=== Dataset records ===
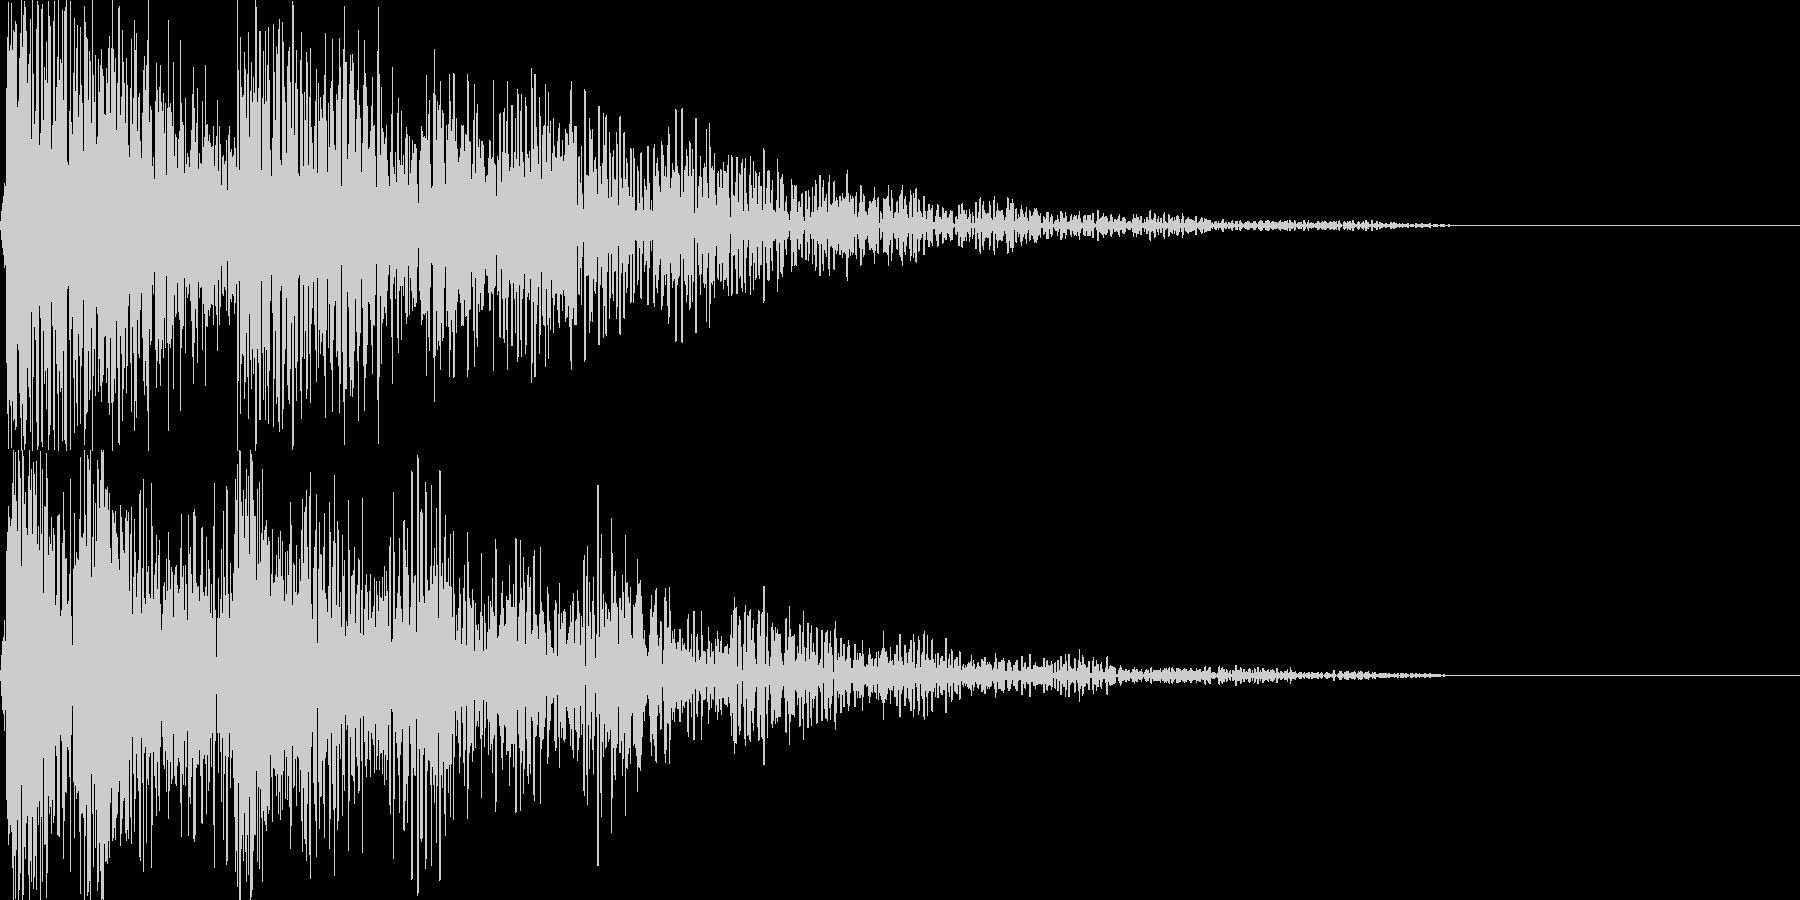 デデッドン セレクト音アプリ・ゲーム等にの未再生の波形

---

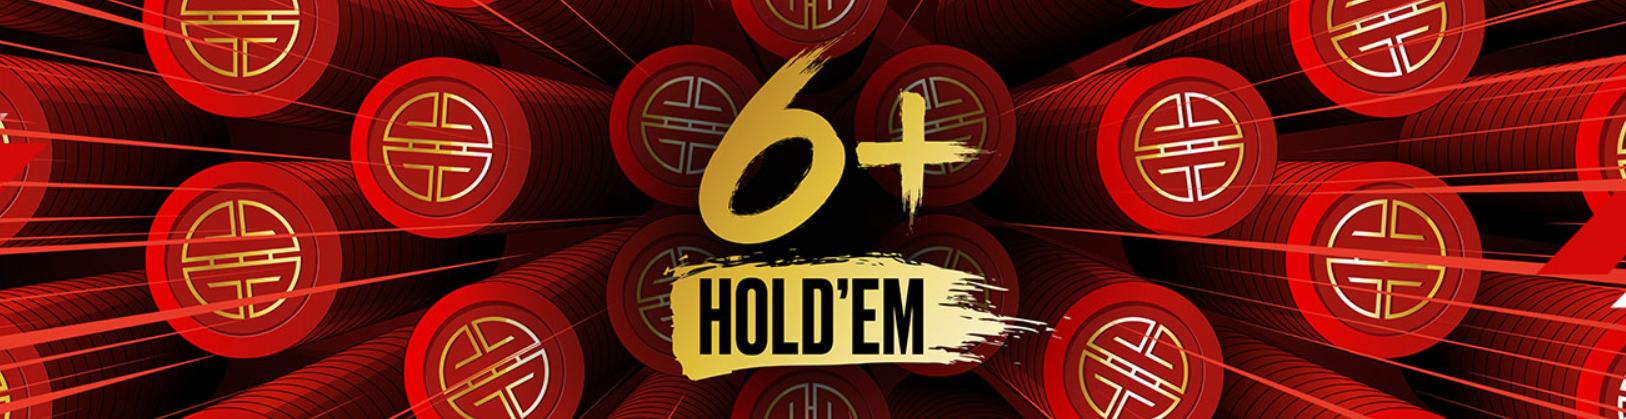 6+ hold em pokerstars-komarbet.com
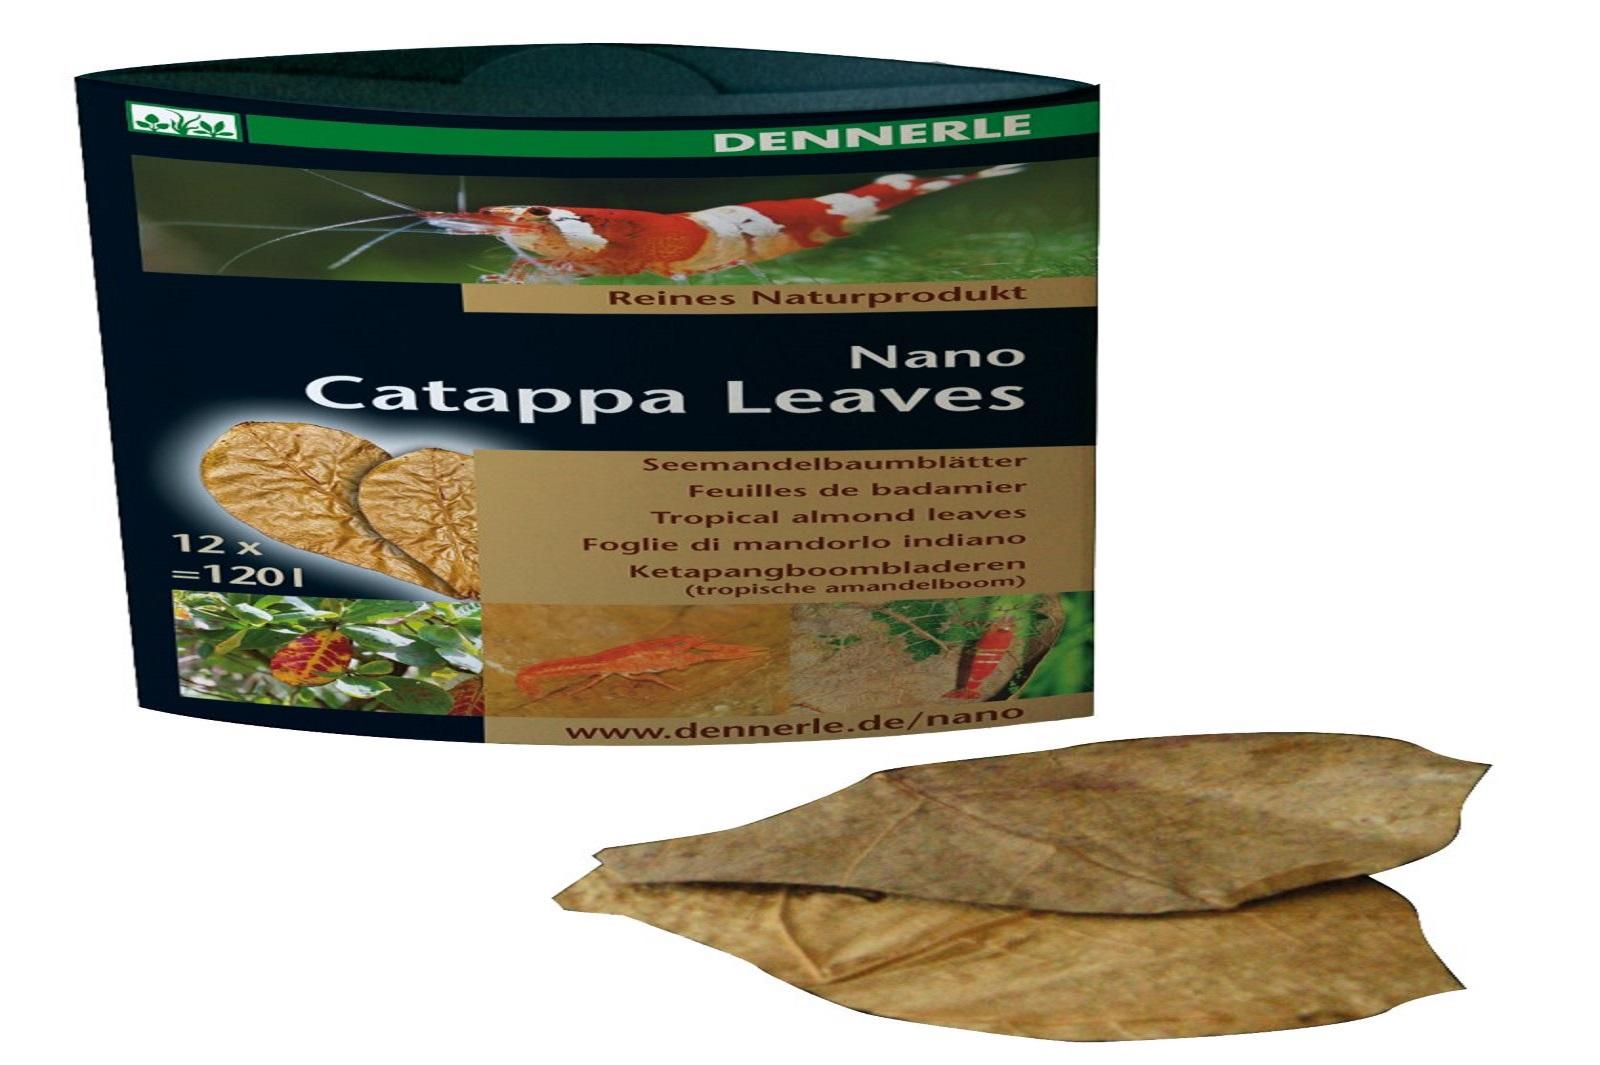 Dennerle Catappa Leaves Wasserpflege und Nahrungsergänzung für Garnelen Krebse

=== Problem details ===
Write out exactly the run of lines above that starts at the line containing "6+ hold em pokerstars-komarbet.com" and ends at the line containing "Dennerle Catappa Leaves". Include both, and leave the pictures out.

=== Reply ===
 6+ hold em pokerstars-komarbet.com
 Dennerle Catappa Leaves Wasserpflege und Nahrungsergänzung für Garnelen Krebse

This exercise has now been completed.